# Prince Zander: Kitty-God!



## Lions (Aug 31, 2010)

These are not the best shots - they are very old cell phone photos that have been bounced from phone to phone. 
I've kept them because I couldn't keep Zander when I moved. :/ but he was my heart-kitty.
*
BLACK CATS!! *









Prince Zander *IS* premium bananas!









Zander is not amused.









Scritchin' his big head..









Zander has awesome shades..









Prince Zander with his head stuck under a door..
don't worry, he was faking. The first two times I was like,
*"Gasp! My poor kitty!" *and ran to his aid, unstuck him, and cuddled him afterwards.
The third time he proceeded to meow and pull his head back under the door when I got close.
He then meowed on the other side of the door, waiting for his cuddles.

-.- tricksy little brat.


----------



## marie73 (Jul 12, 2006)

Holy crap!!! That last picture scared me!!! They sure can get their heads into small spaces, can't they?

He's gorgeous!


----------



## Lions (Aug 31, 2010)

They can, he was always getting into mischief.
He used to knock things off of desks and shelves just to get attention - he would go to any length for loves. 

the gap under the door was pretty large, about three or four inches.
scared the crap out of me though. lol


----------



## swimkris (Jul 17, 2010)

Lovely cat! 


My flatmate's childhood cat, who was GINORMOUS, used to squeeze under doors like that (see terrifying picture below):


----------



## Dave_ph (Jul 7, 2009)

That would scare the poo out of me.


----------



## Jeanie (Jun 18, 2003)

And I'd join you, Dave! It's hard to believe any cat could squeeze under a door!







Thank goodness Nina can't do that! 

What a beautiful cat! No wonder he was special to you!


----------



## Gizmokitty (Nov 10, 2009)

Wow!
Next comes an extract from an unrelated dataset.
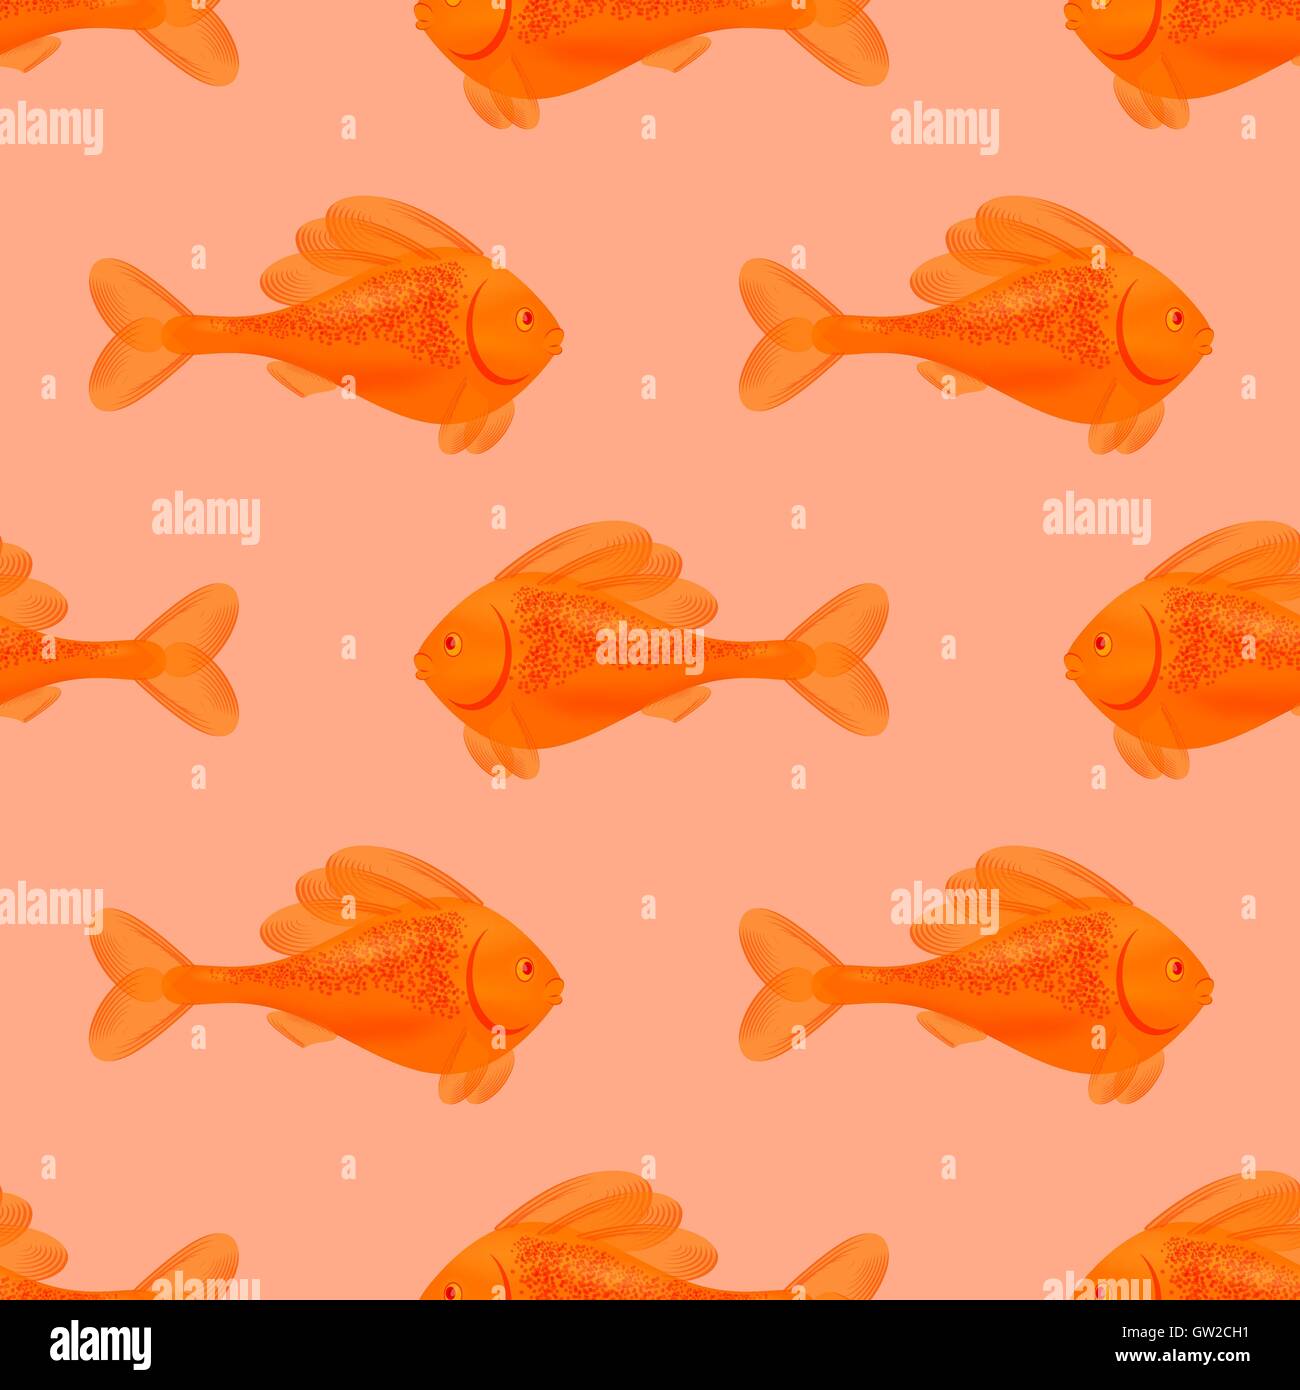 Seamless Orange Fish Pattern Stock Vector

That last picture of Zander would certainly startle me haha. 

He's a handsome fella.


----------



## RowdyAndMalley (Aug 9, 2010)

Oh My Goodness Swimkris... that is one rolypoly cat!


----------



## swimkris (Jul 17, 2010)

RowdyAndMalley said:


> Oh My Goodness Swimkris... that is one rolypoly cat!



My flatmate said it happened after they got her spayed.....

That may be so, but I feed our cats!! LOL


----------



## MaloreyAnimal (Aug 28, 2008)

Zander was a good looking kitty! Last pic is too funny.


----------



## marie73 (Jul 12, 2006)

Good grief! Well, no wonder! That cat even slept next to a bag of Fancy Feast! He must have absorbed it through osmosis!


----------



## Lions (Aug 31, 2010)

Thanks everyone. 

also... wow, that's a huge cat!
She looks cuddly.
.. she fit under a door?
that is *awesome*!


----------